Serving LLMs with Wisp #
It’s very simple to serve LLMs on the cloud with Wisp. If you haven’t done so yet, check out Quickstart to understand how Wisp works. Otherwise, keep reading here!
In practice, you can host your models with Wisp using any technology that exposes a port. We’re using vLLM as it greatly simplifies the process, and supportd Docker containers.
The LLM #
We’ll use
vLLM to host a Mistral-7B
model with
Docker. To use other models, see the
Documentation for vLLM.
Configuration #
If you haven’t done yet, run wisp init
to create the configuration file.
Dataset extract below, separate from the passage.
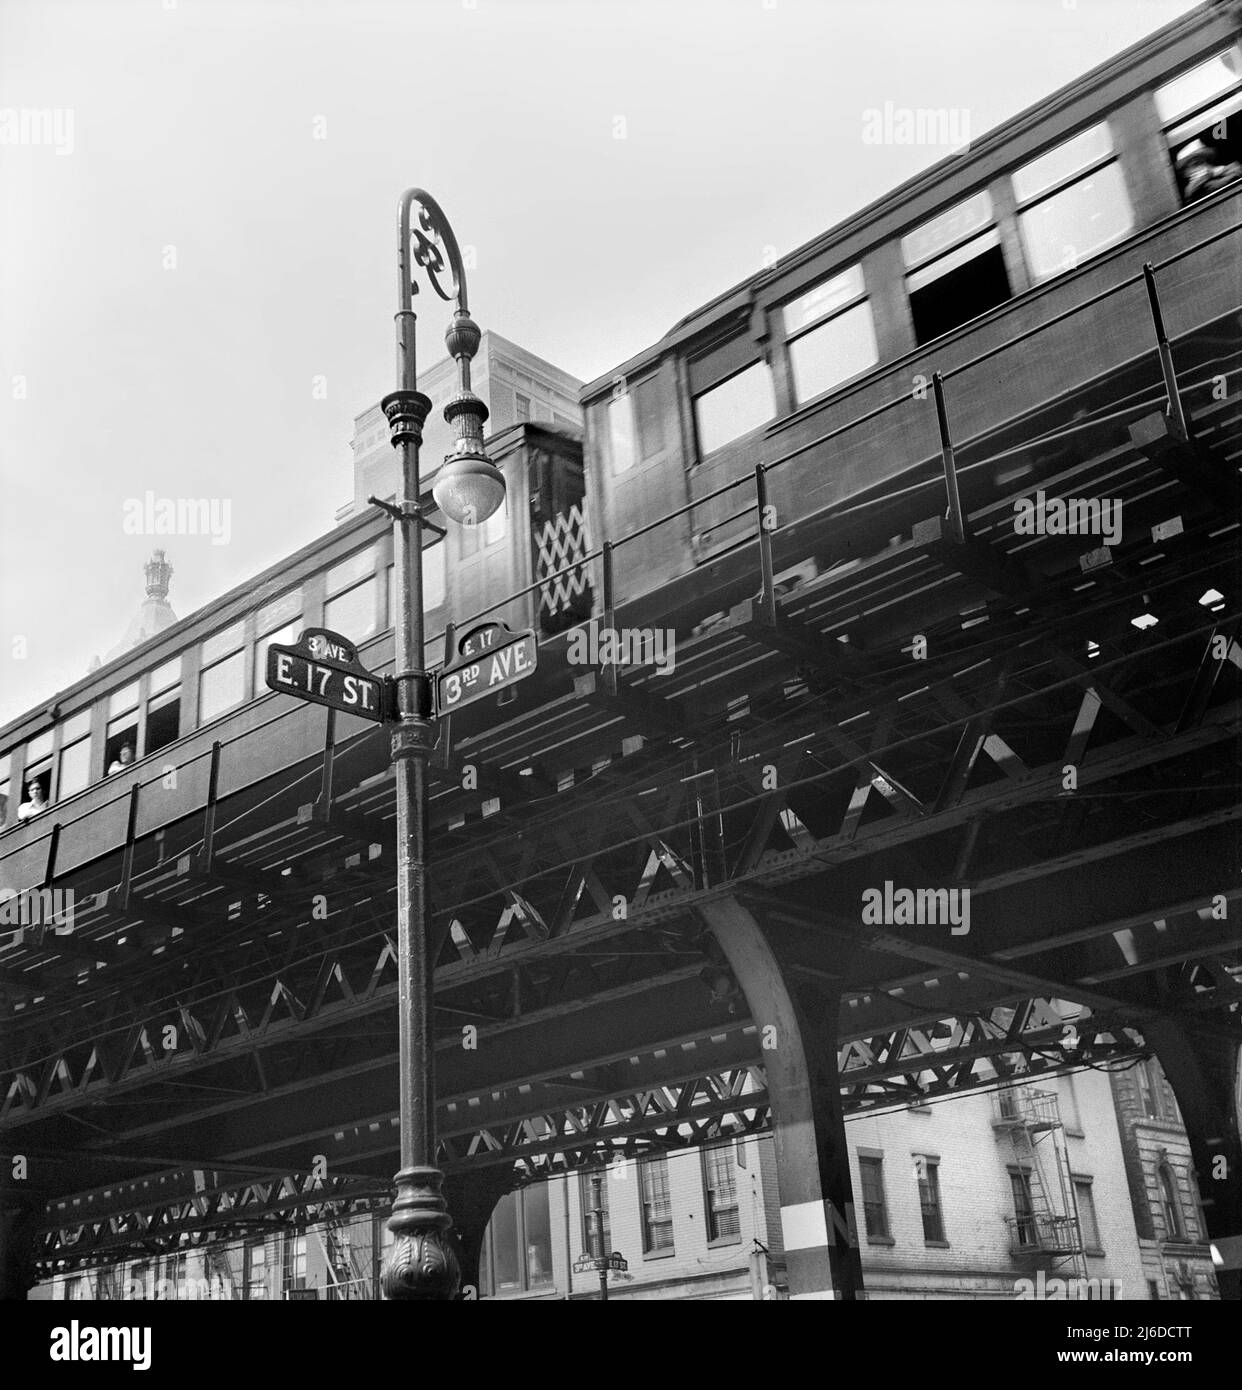 Third Avenue Elevated Railway à 17th Street, New York City, New York, États-Unis, Marjory Collins, U.S. Office of War information/États-Unis Administration de la sécurité agricole, septembre 1942 Banque D'Images

Open
wisp-config.yml
and enter the following information:
setup:
project: local
run:
docker run --runtime nvidia --gpus all \
--env "HUGGING_FACE_HUB_TOKEN=<secret>" \
-p 8000:8000 \
--ipc=host \
vllm/vllm-openai:latest \
--model mistralai/Mistral-7B-v0.1
resources:
accelerators:
compute_capability: 7.0+
vram: 6+
memory: 4+
io:
# Expose port 8000 from the Docker container on the server
ports: 8000
# Require login with a Wisp account for the endpoint
secure_endpoint: true
Launch the Server #
We’re ready to launch the server! In your terminal, run:
wisp run
Wisp will pull the image and run it using the command supplied. The command will output an external IP you can access through your browser.
You can see your job, stats and cost overview for your job in the dashboard under Jobs.